Vehicles equipped with advanced driver assistance systems (ADAS) such as automatic emergency braking, blind spot monitoring, lane departure warning and others, can cost twice as much to repair following a collision due to expensive sensors and their calibration requirements according to new research from the American Automobile Association.
The study found that the repair bill for a minor front or rear collision on a car with ADAS can run as high as $5,300. That’s almost two and half times the repair cost for a vehicle without these systems. Even minor incidents that cause damage to this technology found behind windshields, bumpers and door mirrors can add up to $3,000 in extra repair costs.
Windshield damage is especially common, with more than 14.5 million replacements annually. Many safety systems rely on cameras positioned behind the windshield that require recalibration when the glass is replaced. In addition, some automakers require the use of factory glass that meets strict standards for optical clarity. Replacing a windshield on a vehicle equipped with a camera behind the glass typically costs approximately $1,500, which can be as much as three times the amount to replace the windshield on a car without the technology.
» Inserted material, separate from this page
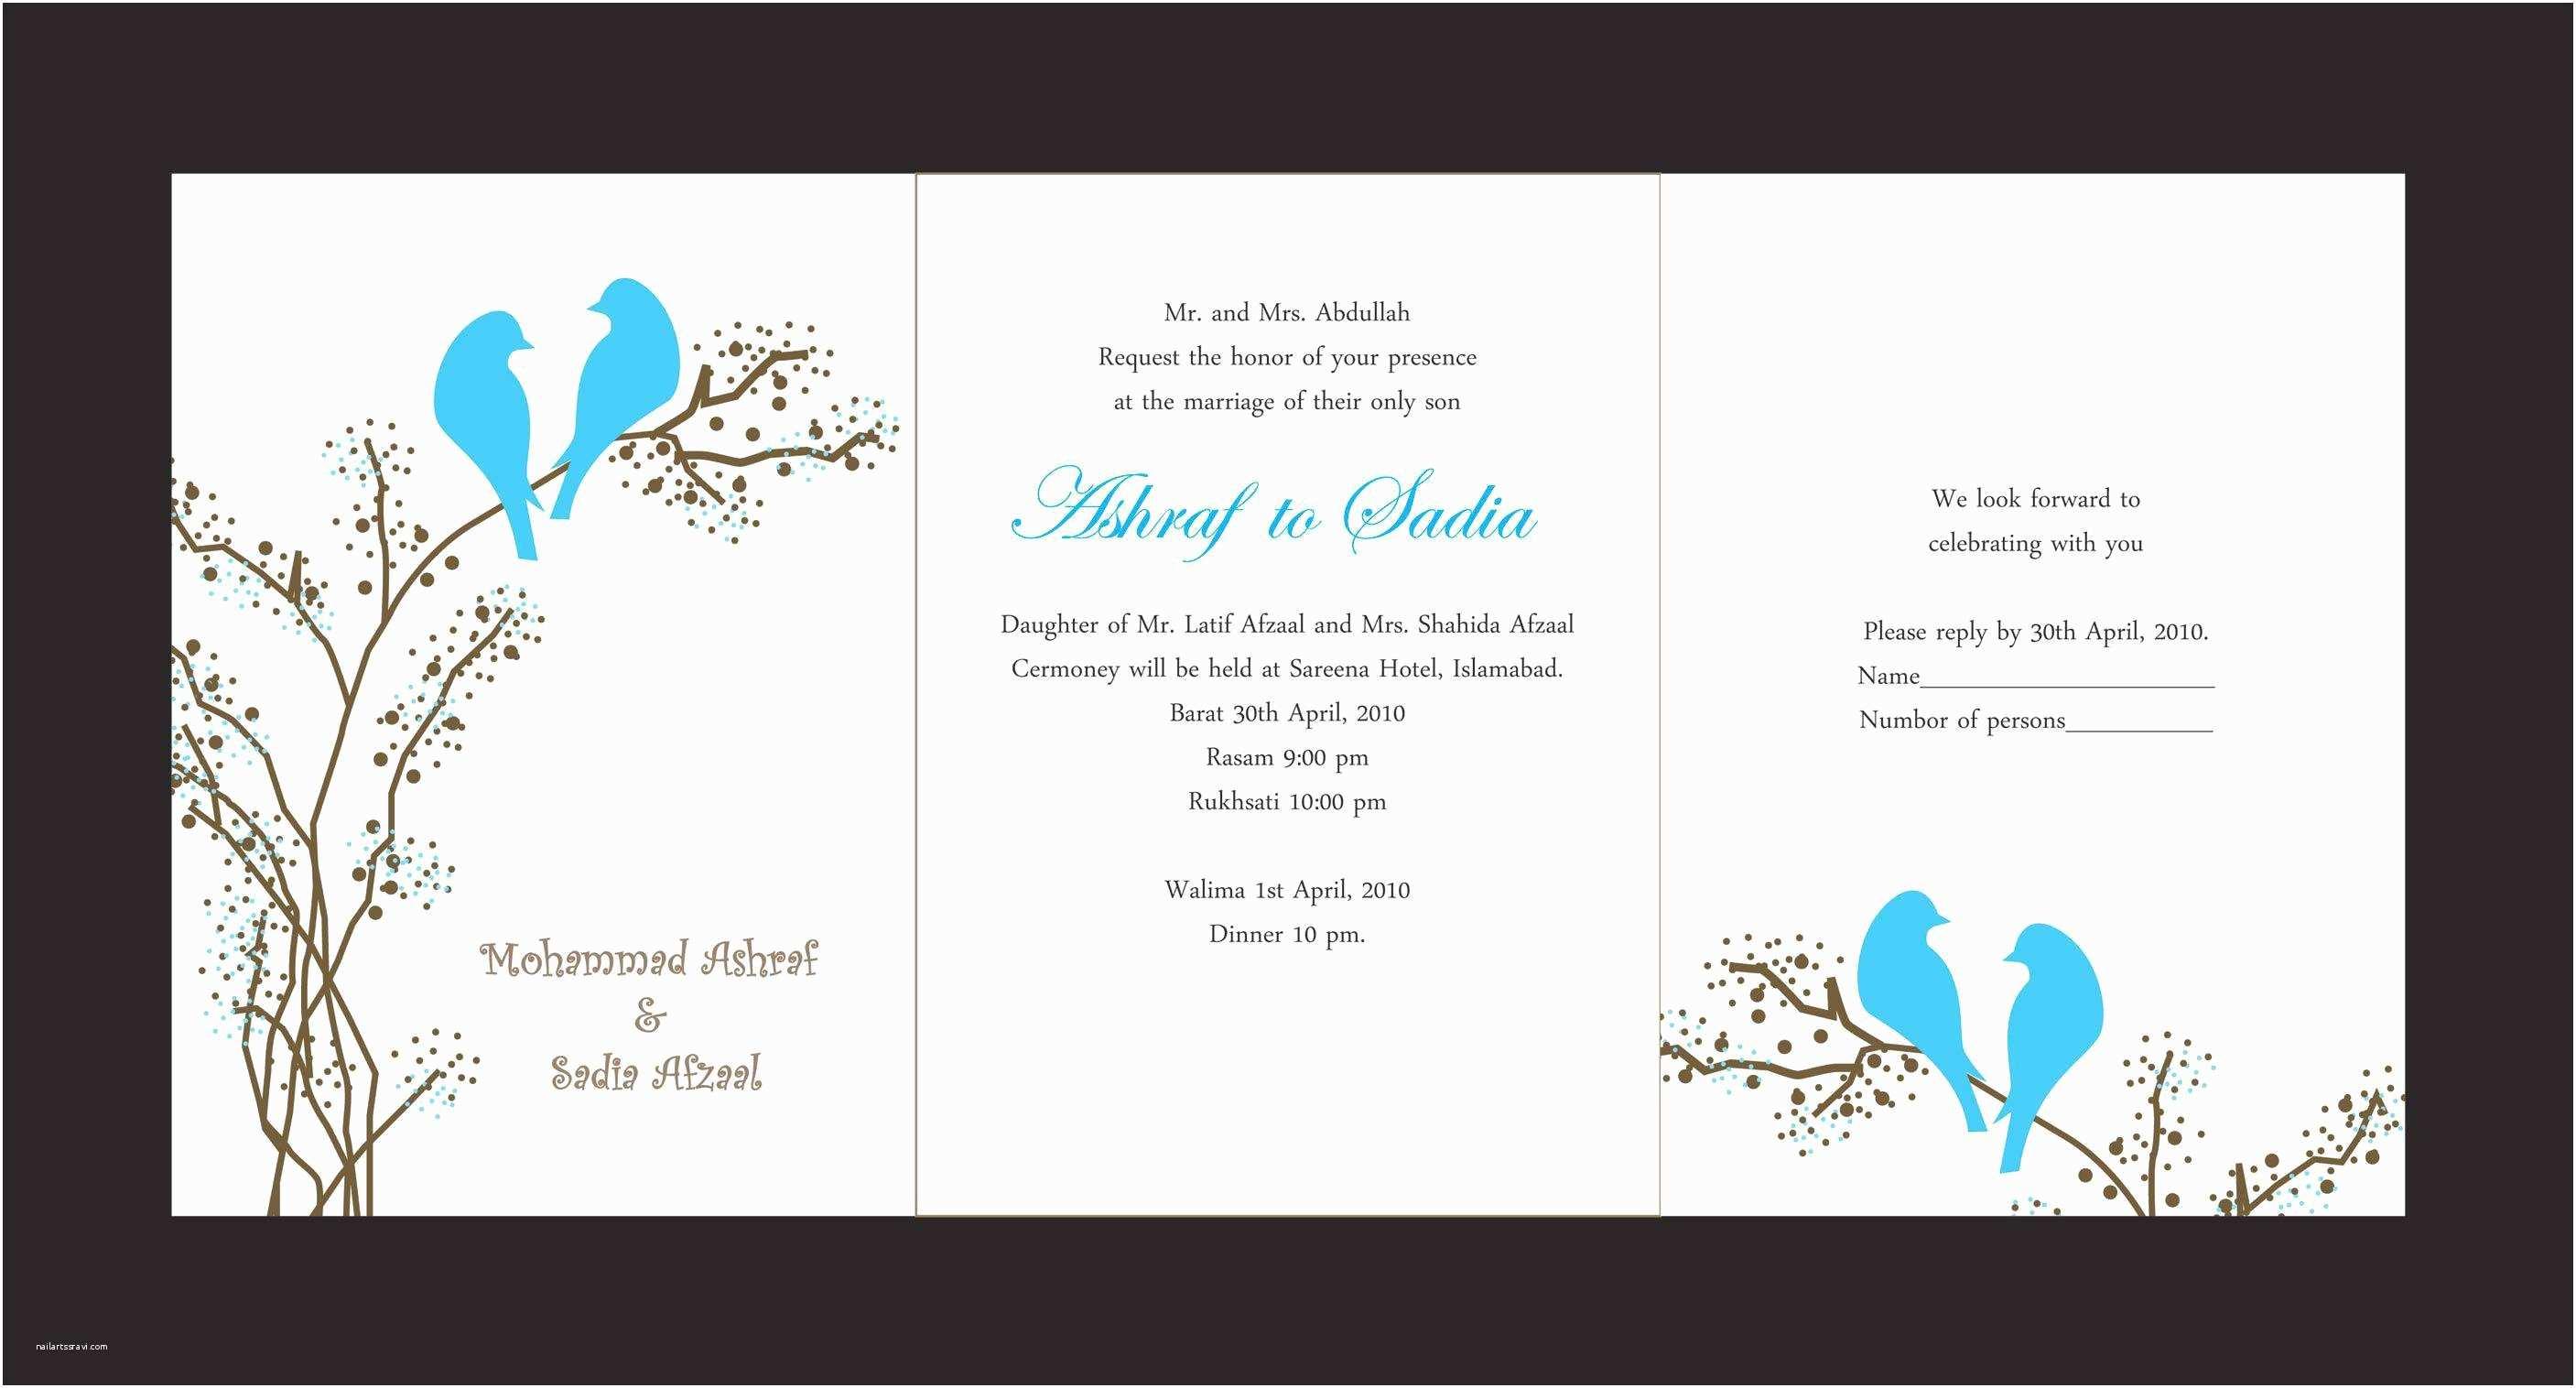 Online Wedding Invitation Card Maker Line Invitation Templates Line Invitation Maker with

Vehicles with ADAS may also have radar, camera and ultrasonic sensors located in or behind the front and rear bumpers or bodywork, as well as built into the side mirrors. While most drivers may never find themselves in a collision, these parts can easily be damaged when pulling out of a garage, hitting a mailbox or bumping into other objects.
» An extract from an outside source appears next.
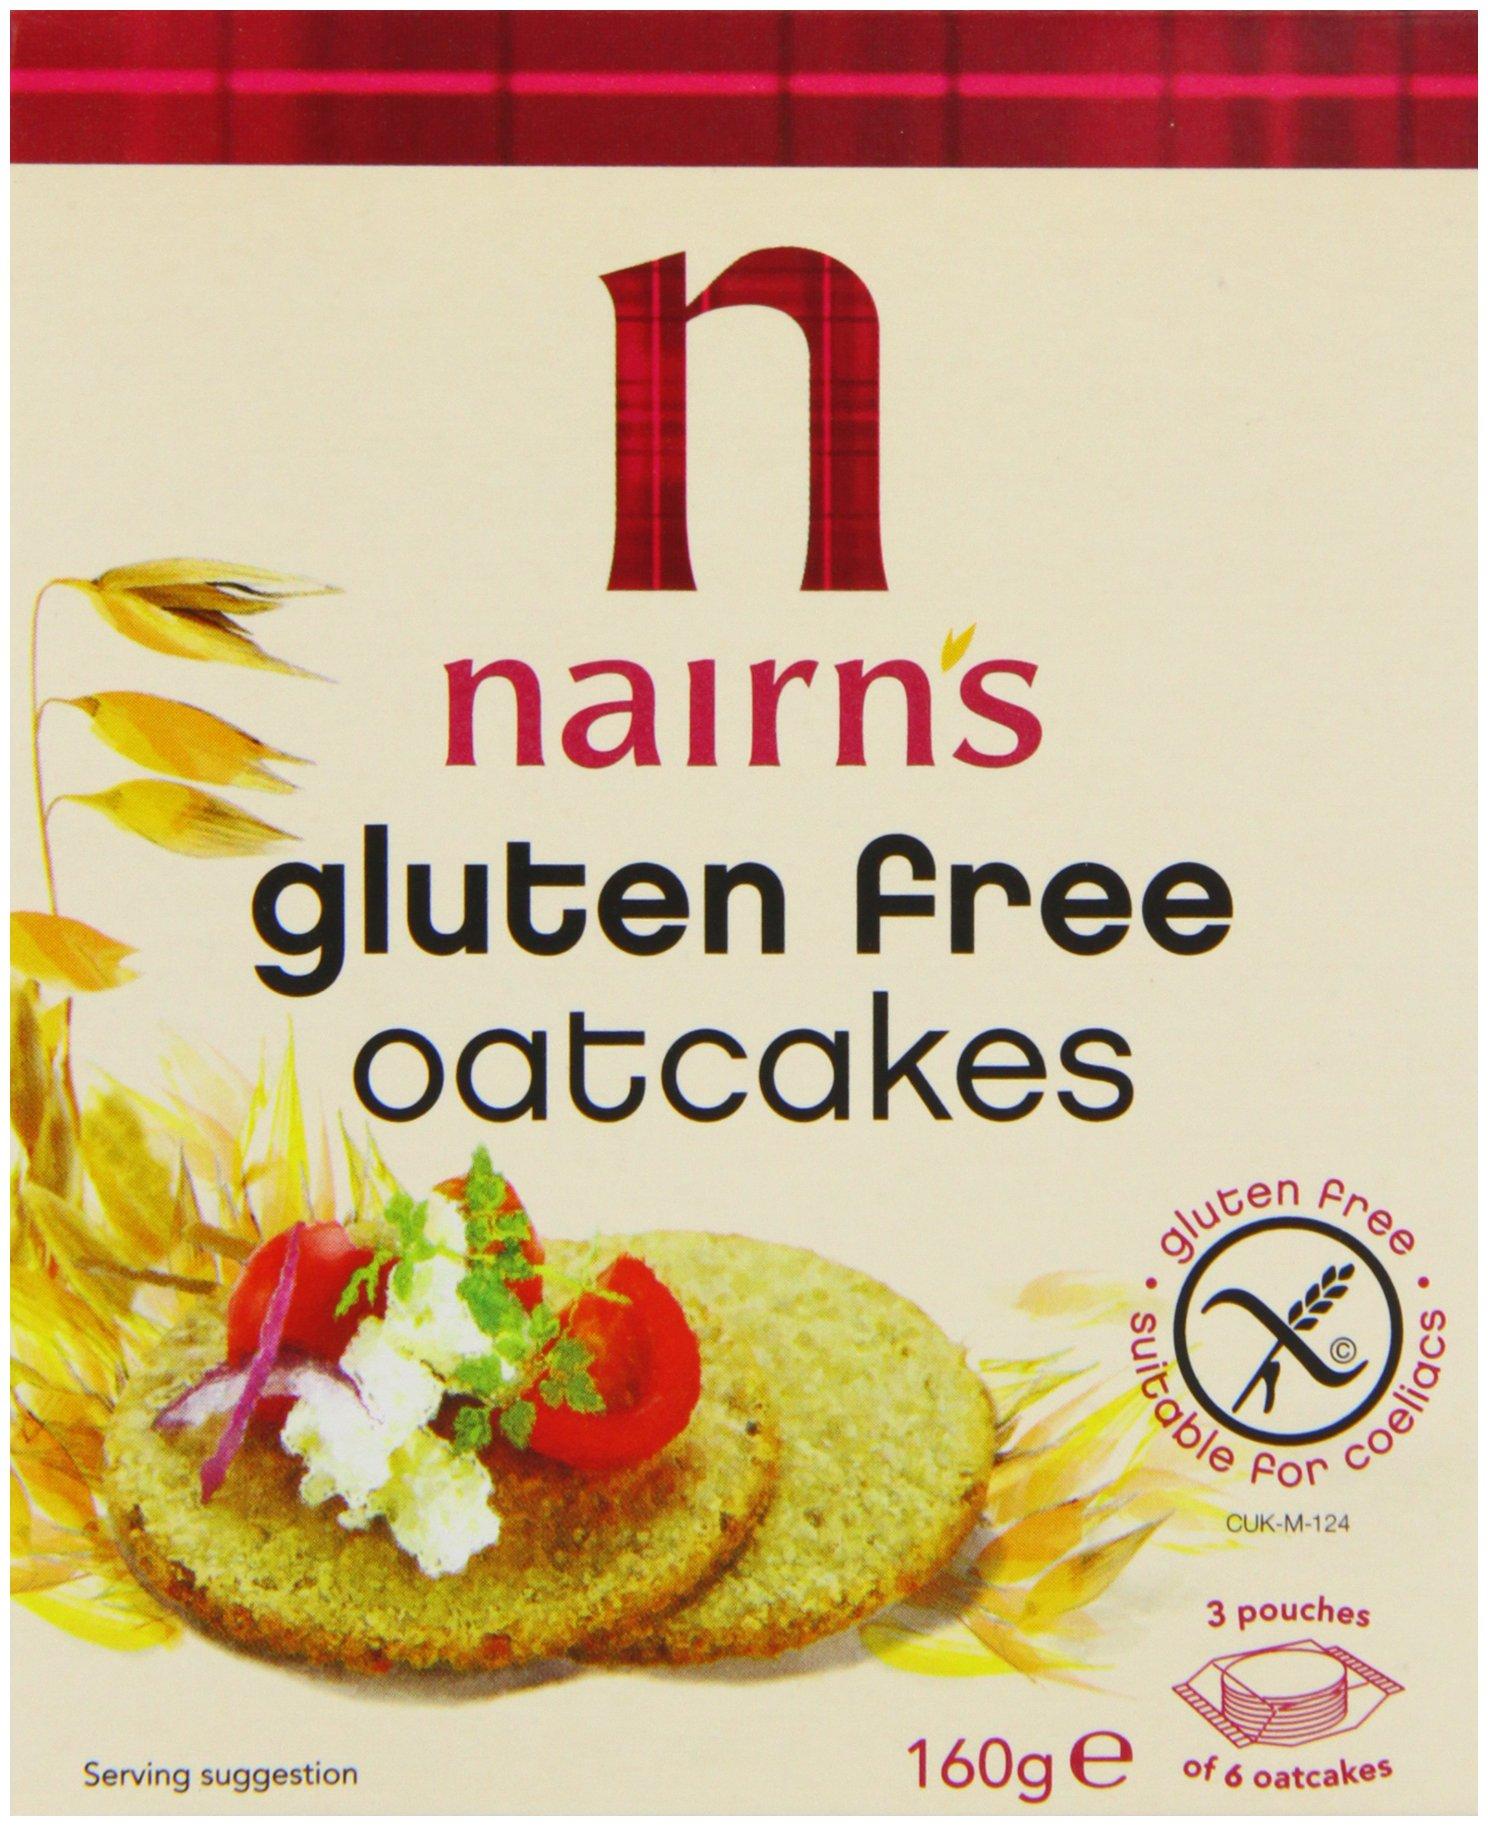 Nairn's Gluten Free Oatcake 160g - Pack of 6 by Nairn's

For this study, AAA evaluated three top-selling models in popular categories. The vehicle models were selected from AAA’s 2018 Your Driving Costs study and include a small sport utility vehicle (2018 Nissan Rogue), a medium sedan (2018 Toyota Camry) and a full-size pickup truck (2018 Ford F-150). Each vehicle selected was equipped with the highest available level of ADAS functionality.
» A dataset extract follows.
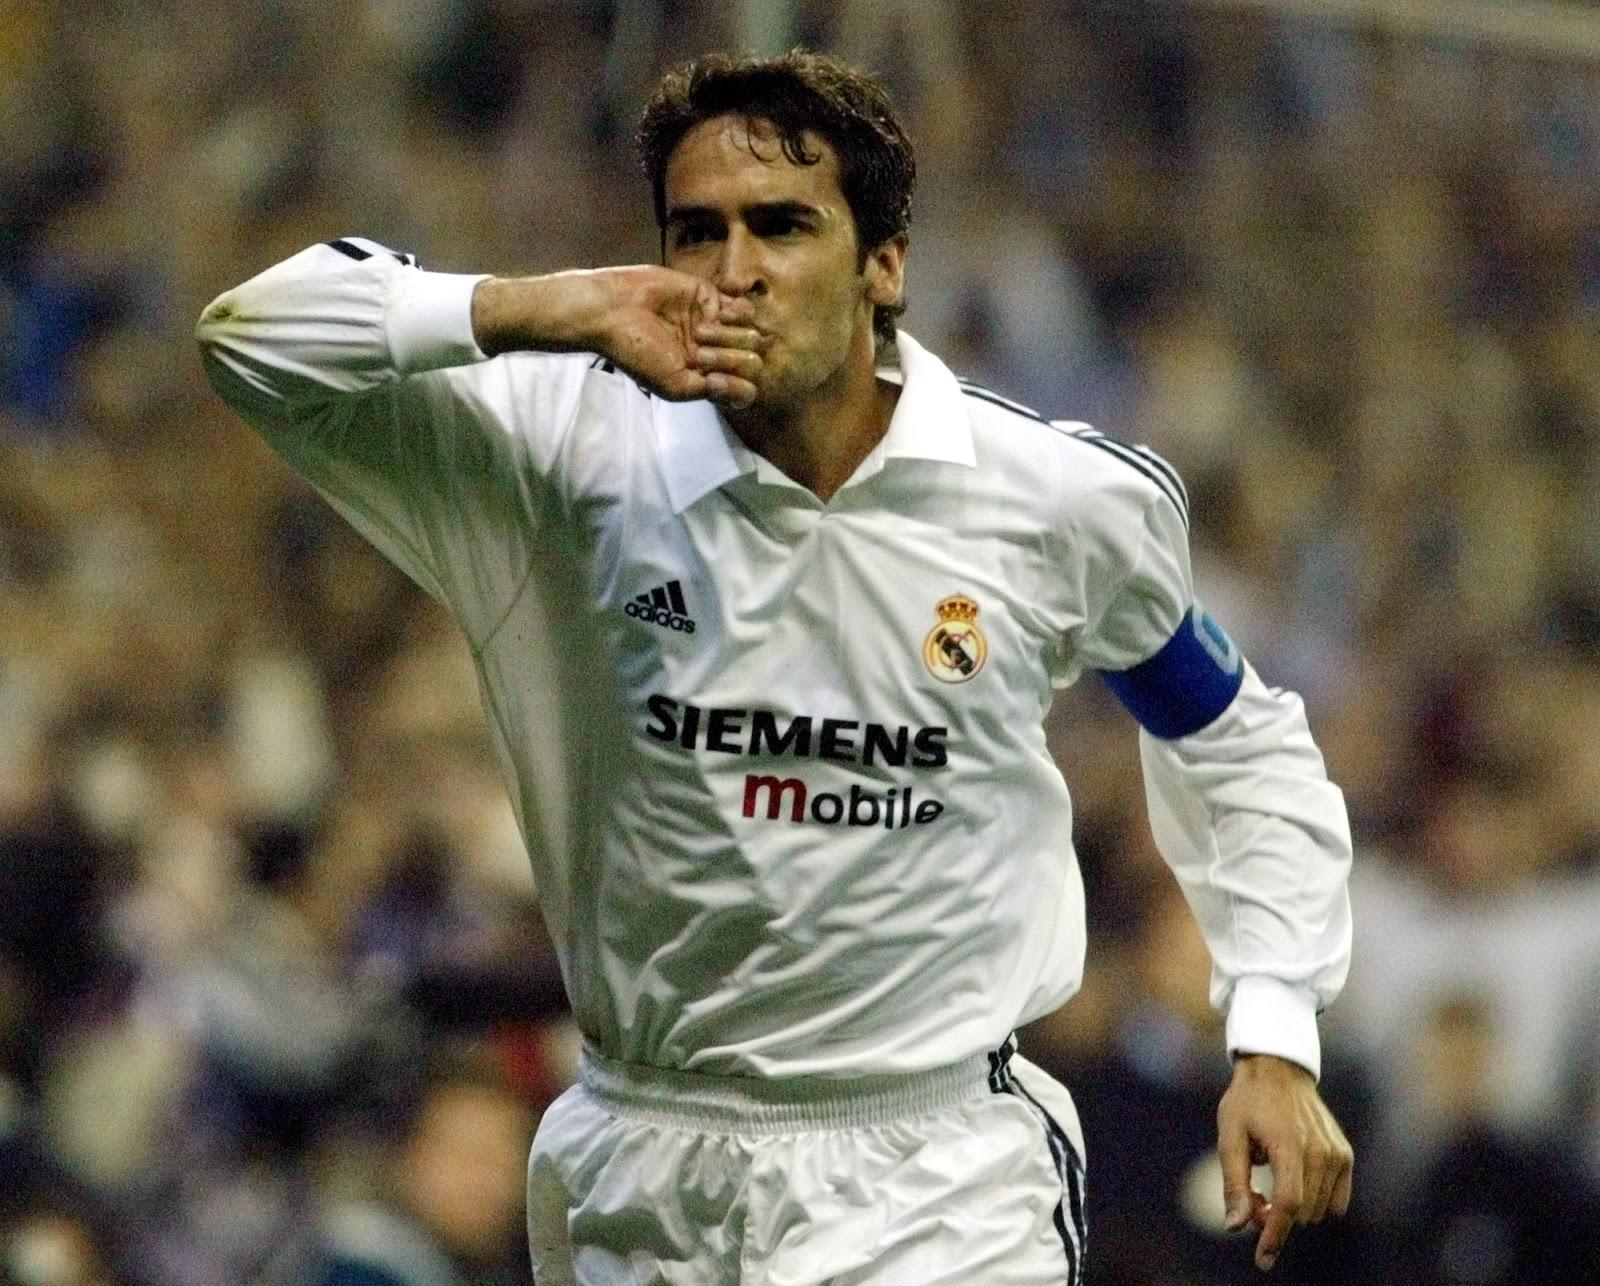 Orgullo Madridista : Leyendas del Madridismo: Raúl González Blanco

Many variables such as the vehicle make and model, the type and location of the sensor and where the work is performed can affect ADAS repair costs. AAA’s research determined the ranges listed below for typical ADAS repair expenses. Note that these numbers are for costs over and above the normal bodywork required following a collision:
- Front radar sensors used with automatic emergency braking and adaptive cruise control systems: $900 to $1,300
- Rear radar sensors used with blind spot monitoring and rear cross traffic alert systems: $850 to $2,050
- Front camera sensors used with automatic emergency braking, adaptive cruise control, lane departure warning and lane keeping systems (does not include the cost of a replacement windshield): $850 to $1,900
- Front, side mirror or rear camera sensors used with around-view systems: $500 to $1,100
- Front or rear ultrasonic sensors used with parking assist systems: $500 to $1,300
If you do need repairs to an ADAS system, AAA recommends that drivers verify whether the facility is able to properly repair and calibrate the damaged system(s), and request proof of the work once complete.
Check Your Insurance Coverage
With one-in-three Americans unable to afford an unexpected repair bill of just $500, AAA strongly urges consumers to perform an insurance policy review and consider the potential repair costs of these advanced systems.